As a resident and now a critical care fellow, boarding times in the emergency department (ED) are an indelible part of my life. Be it waiting until the patient has been put into the room and vital signs obtained, waiting for the beds to open up, waiting to hear back from the admitting team, waiting for a laboratory test result–the series of steps that need to occur may make it seem that the stars need to align just right! Having been on both sides of the opening sentence, “I have a patient in the ED in bed 4…”, (as a former resident working in the ED or now hearing about a patient from the ED as a fellow), I was thrilled to read the Quality Report by Kouo et al (10.1542/peds.2019-1477) that described how a quality improvement project, led by residents, made such a difference in patient care and workflow in the ED.
Realizing that waiting times in their hospital’s ED were longer than the national average, the authors of this Quality Report keenly dissected the current processes and discussed possible steps to help enhance it. They chose the pediatric hospital medicine service, a traditionally resident-led service in academic children’s hospitals and aimed to decrease ED boarding time by 10% in 6 months. Based on staff interviews and process examination, the requirement for the admitting resident to go to the ED to examine a patient before accepting them was a rate-limiting step. To address this issue, the authors came up with a series of excellent and practical interventions: mobile phone app-based pages to convey acceptance of the patient, visual and educational reminders about the importance of remembering to send acceptance pages, and encouraging accepting stable patients to move from the ED to the inpatient unit accepting that patient prior to the complete history and physical examination. With these interventions, the team working on this project was able to maintain a sustained decrease in boarding times for over 3 years after their intervention. As a balancing measure, they tracked patients being transferred to the pediatric ICU within 12 hours after admission to account for any possibly rushed admission that may have needed to be admitted to the ICU in the first place. There was no significant change in the number of ICU transfers which is reassuring. It also perhaps is a reminder that the practitioners in the pediatric ED in academic centers are often residents or faculty from the same hospital who are familiar with the system and floor capabilities; they likely have a good pulse on what patients may be appropriate for the floor or may need to be watched for clinical decompensation.

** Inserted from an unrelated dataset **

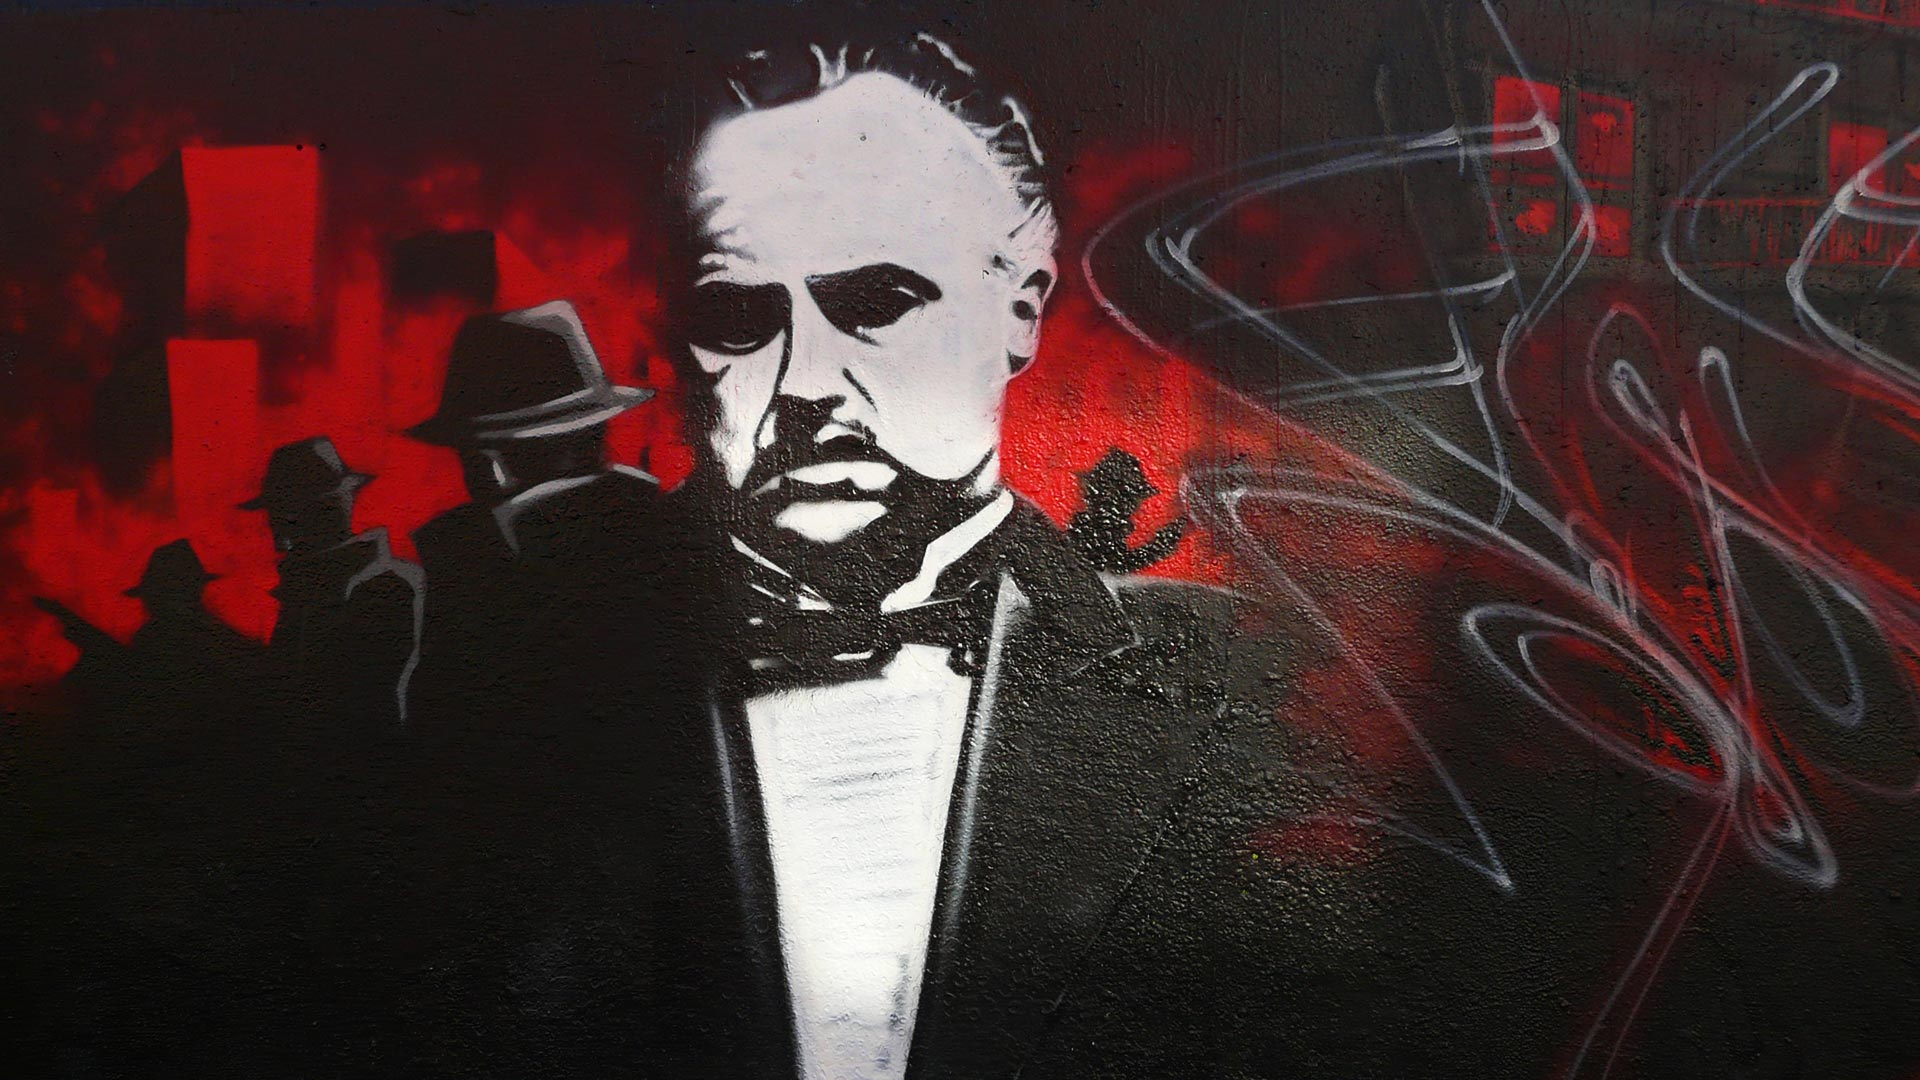 Epok - Fresque Mafiosa - Le Parrain - Graffiti

The authors note that the decrease in boarding times had started before the initiation of the study, likely due to a combination of better patient allotment (alternating teams) and reduced team burden (not covering neurology and several surgical services). However even with these changes, the boarding times would be expected to trend up with higher patient volumes seen in the winter months and they did not. The study interventions helped prevent that volume-associated increase and were likely important in maintaining the efficiency of the ED disposition process in the busier months. This study is a commendable reminder of how residents can lead the way to change, including changes in culture, which may be considered difficult to implement by a group of young people rotating through services for three years. It also wonderfully demonstrates the challenge of seemingly logical changes that increase efficiency, as introducing them requires a lot of work and iterative improvements in process before gaining acceptance and achieving better outcomes. The residents leading this study inspire others by this excellent example of quality improvement that they spearheaded despite their still being in training.